As I’m sure everyone is aware, the world is currently in the midst of an outbreak of the coronavirus, with cases being recorded in a number of countries, including China, and Iran. In these countries, officials are working hard to contain the spread of the virus, and in some cases are having to close certain areas to the public.

One of the effected countries is Italy, which was just about to host the production team behind the Tom Cruise-starring, Mission: Impossible 7. The team were due to spend three weeks filming in Venice, but in light of the current situation these plans have now been postponed.

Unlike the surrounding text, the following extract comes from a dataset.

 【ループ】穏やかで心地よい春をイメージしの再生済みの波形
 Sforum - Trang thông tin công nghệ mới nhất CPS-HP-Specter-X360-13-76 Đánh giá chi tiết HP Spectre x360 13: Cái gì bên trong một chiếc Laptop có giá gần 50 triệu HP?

A spokesperson for Paramount (via The Hollywood Reporter) said: “Out of an abundance of caution for the safety and well-being of our cast and crew, and efforts of the local Venetian government to halt public gatherings in response to the threat of coronavirus, we are altering the production plan for our three-week shoot in Venice, the scheduled first leg of an extensive production for Mission: Impossible 7.

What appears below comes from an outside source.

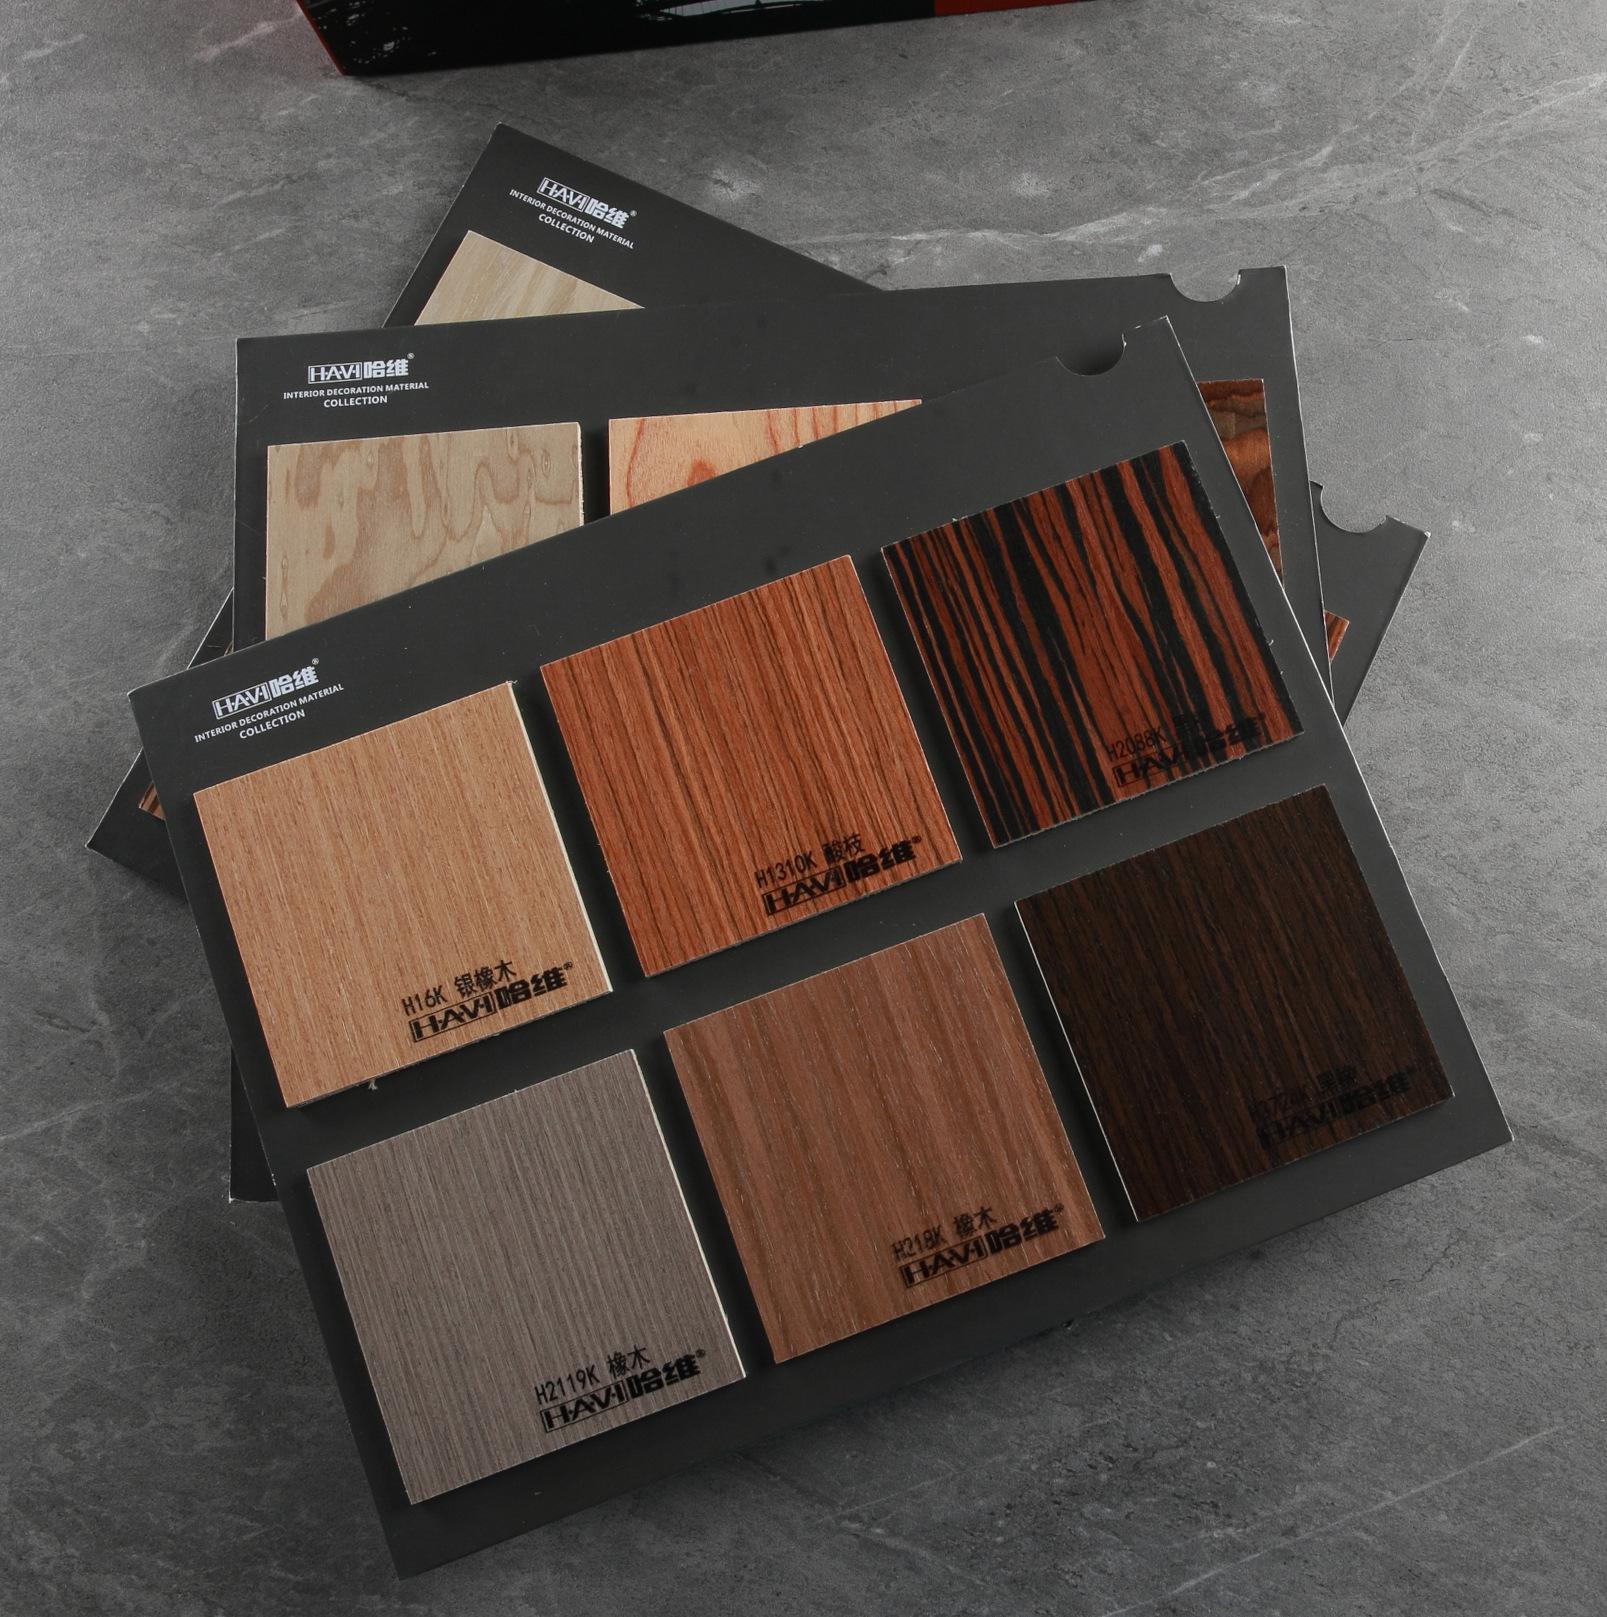 哈维品牌2018年样册涂装木皮板免漆木皮板科定板KD板

“During this hiatus we want to be mindful of the concerns of the crew and are allowing them to return home until production starts. We will continue to monitor this situation, and work alongside health and government officials as it evolves.”

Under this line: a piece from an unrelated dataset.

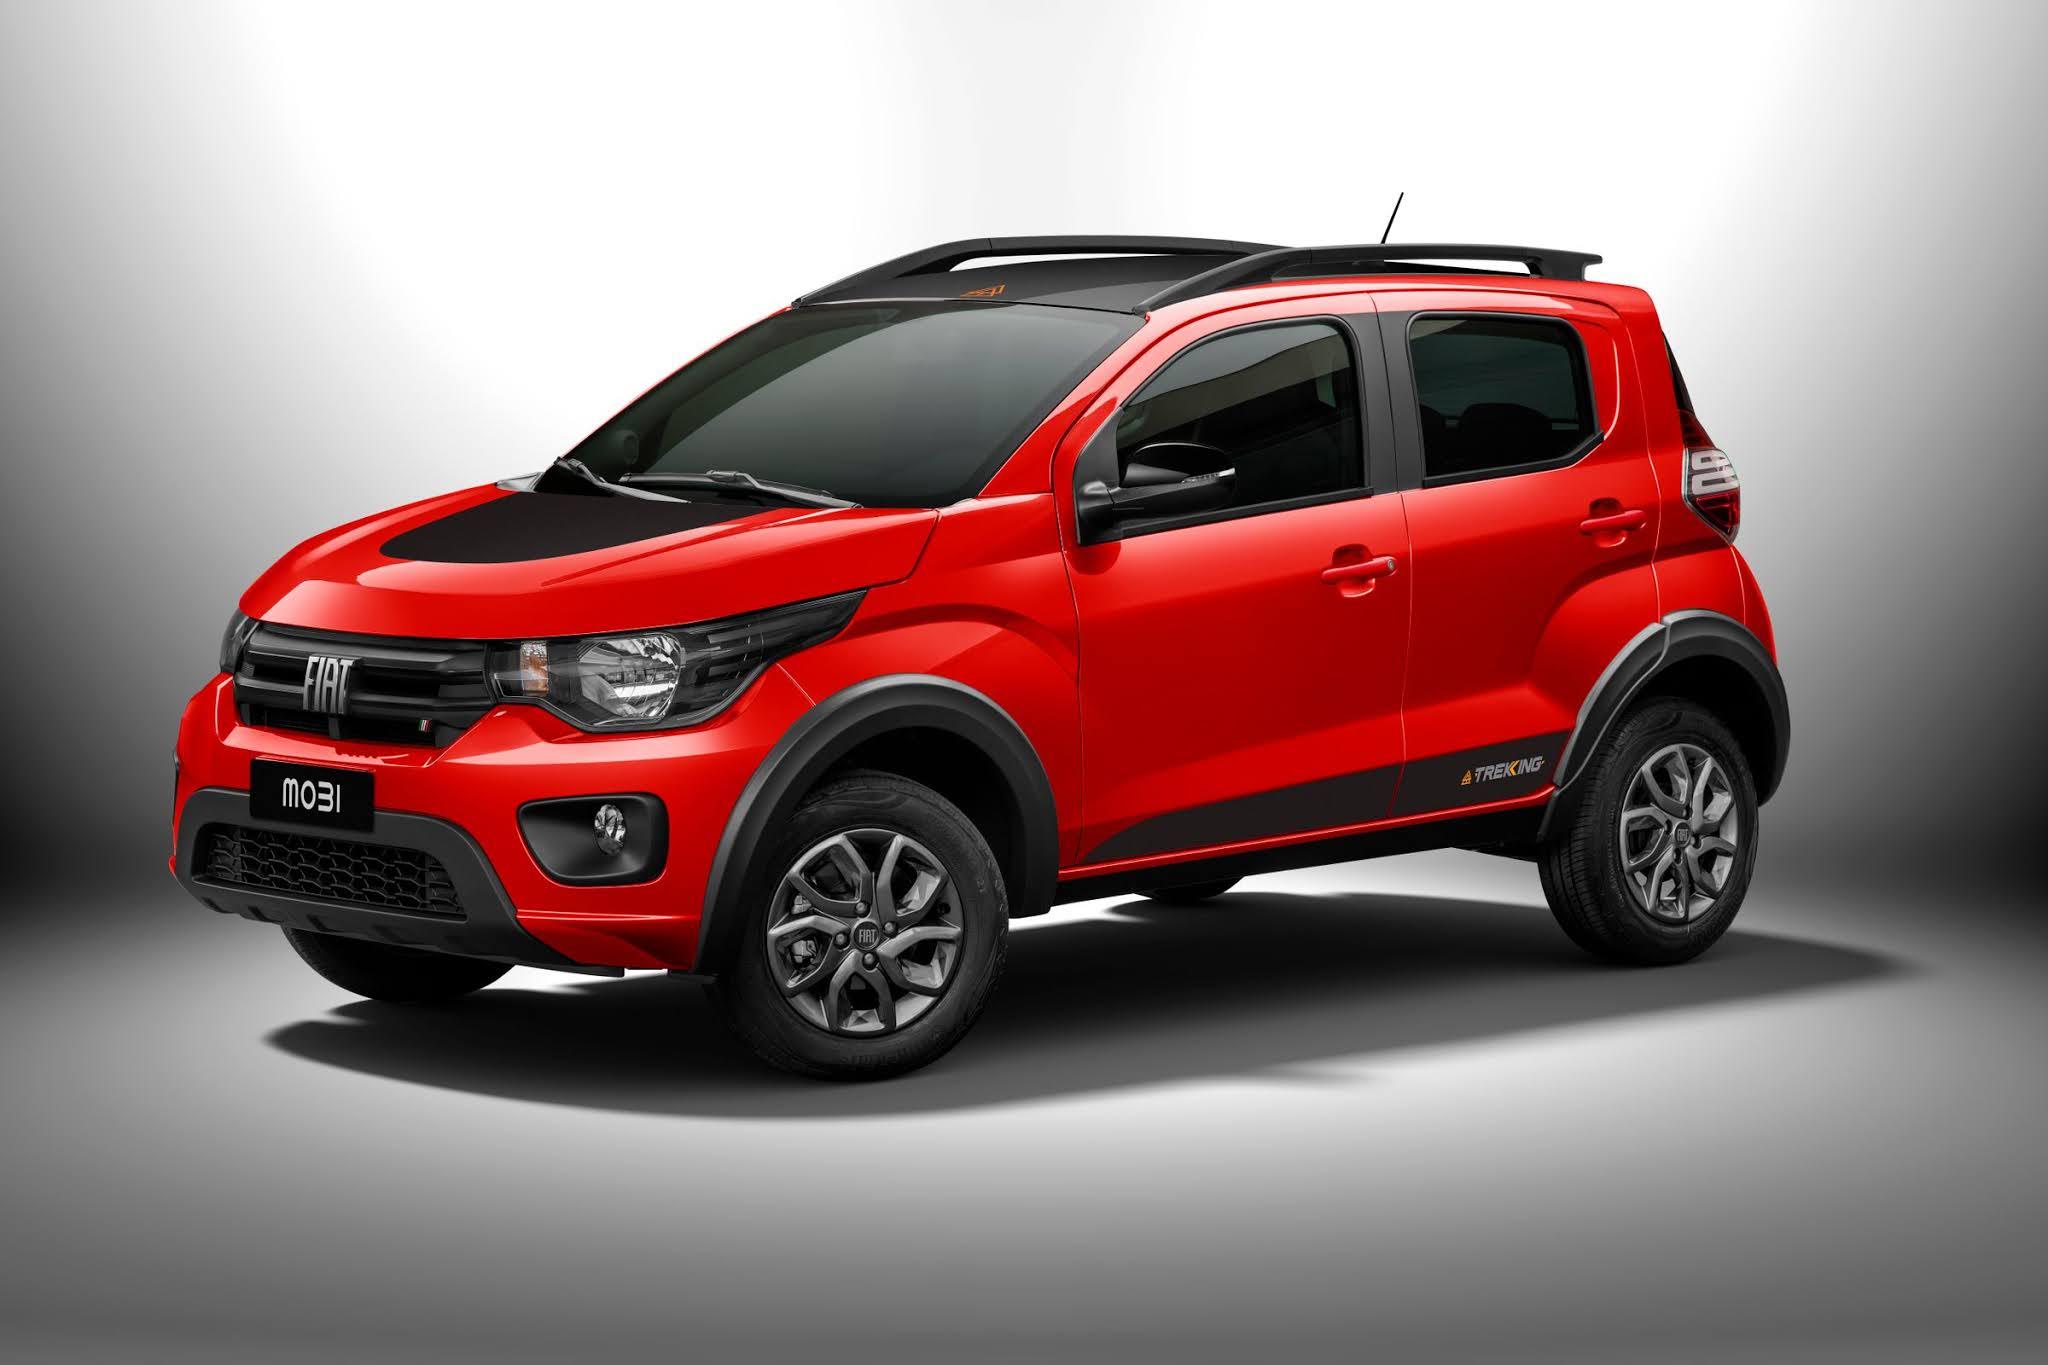 Fiat apresenta Mobi 2021 renovado, ainda mais robusto e com nova versão Trekking

Mission: Impossible 7 is being filmed back-to-back with Mission: Impossible 8, with the first film arriving in cinemas in 2021 and the second in 2022. It is believed that the hiatus will not effect the production schedule.

Image: ©Paramount Pictures

It is unclear what other productions will be affected by the coronavirus, and what this will mean for future releases. What is clear, is that the virus is effecting current releases, including Sonic the Hedgehog.

The film – which has already crossed $202 million according to Box Office Mojo – was due to make its cinematic debut in China this week, however, the screenings have now been put on hold. The Chinese box office is viewed as a very lucrative source of income to the movie industry, so the situation will be monitored very closely to decide if/when the film can be screened.